La recomendación 51/2014 de la CNDH no deja margen para dudar: “Además de la responsabilidad atribuible a los elementos del 102 Batallón de Infantería… (se) logró acreditar responsabilidad por diversas violaciones a derechos humanos cometidas por personal adscrito a la procuraduría estatal.”
Los cargos en contra de esta dependencia no son menores. Varias personas del sexo femenino fueron torturadas física y sicológicamente para que negaran la participación de los militares en el asesinato de los civiles.
Cuando la CNDH requirió a la PGJ para que respondiera ante los señalamientos, sus funcionarios mintieron sin titubear. Negaron los hechos de maltrato y aseguraron que los testigos habían torcido la verdad por voluntad propia.
Para mayor hundimiento, el procurador Gómez Sánchez declaró ante los medios: “No se desprende indicio alguno que haga presuponer o que nos haga pensar en la posible ejecución o el posible fusilamiento de las víctimas”.
Este funcionario cometió perjurio, lo hizo descaradamente ante la prensa y sus subordinados mintieron frente a una autoridad distinta de la judicial.
Hay pruebas abundantes de que personal bajo las órdenes directas de este procurador intentó asfixiar a los testigos; amenazó de muerte y acosó a las mujeres que presenciaron la ejecución militar.

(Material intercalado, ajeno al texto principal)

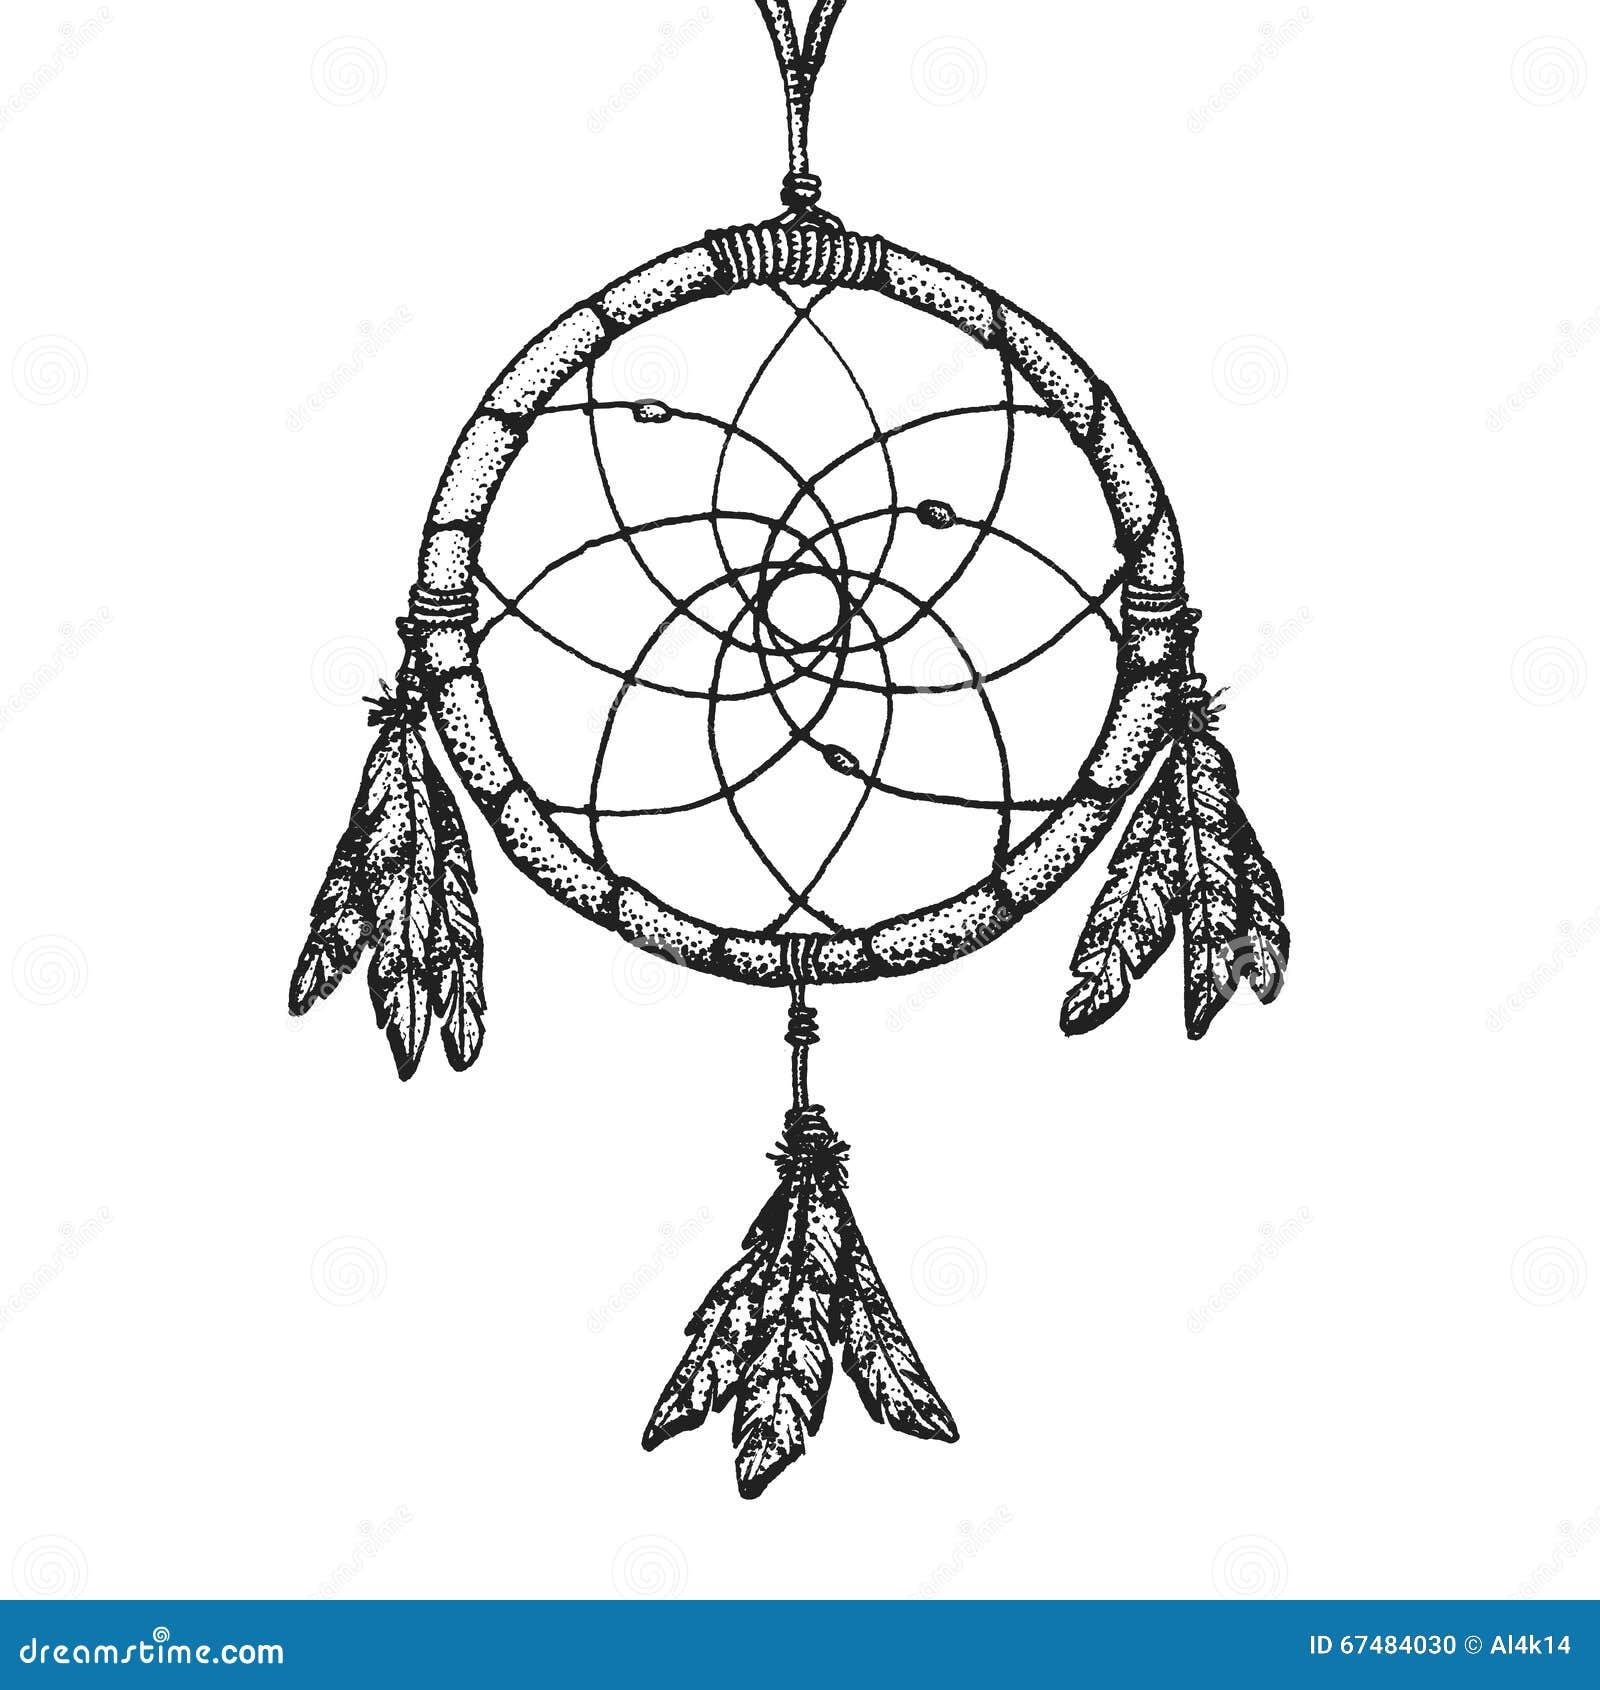 2666da6dc Vector black color monochrome dotted art retro tattoo gravure style native  american dream catcher isolated decorative element realistic illustration  white ...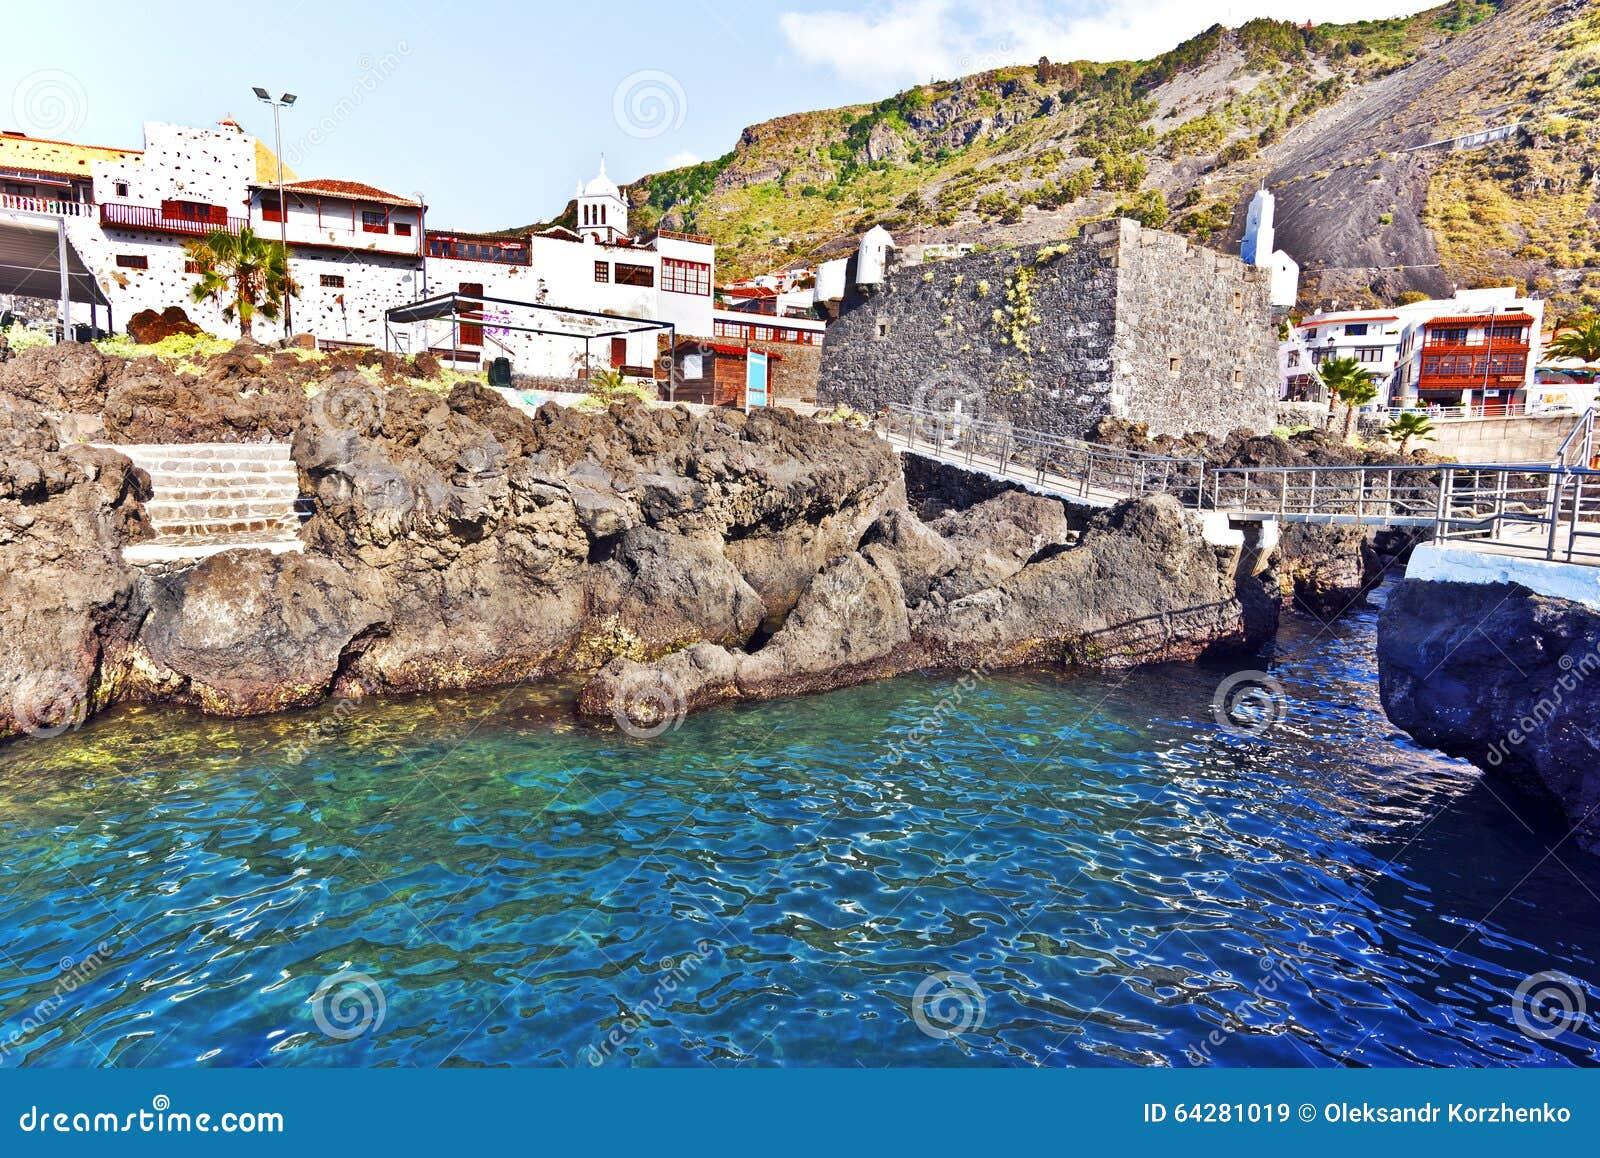 Pueblo de garachico y piscinas naturales en la isla de for Piscina natural tenerife

Así aparece en el texto de recomendaciones de la CNDH: a una mujer, testigo de los hechos, “la meten a un baño con tres hombres, quienes le dicen que ahí ellos hacían hasta que los muertos hablaran; en este lugar le jalan el cabello, le pegan en las costillas, y con una bolsa de una tienda como de mandado, la asfixiaron en nariz y boca.”
Es difícil suponer que el aspirante a ministro no haya estado enterado sobre el proceder del personal adscrito a su procuraduría. Por acción o por omisión fue responsable.
ZOOM: Nombrar ministro a Alejandro Gómez Sánchez arrojaría una señal infame para el resto del aparato responsable de la administración de justicia en el país. Violar la ley debe tener consecuencias independientemente de quien lo haga; no importa si se trata de un soldado, un delincuente o un hombre poderoso y próximo al poder presidencial.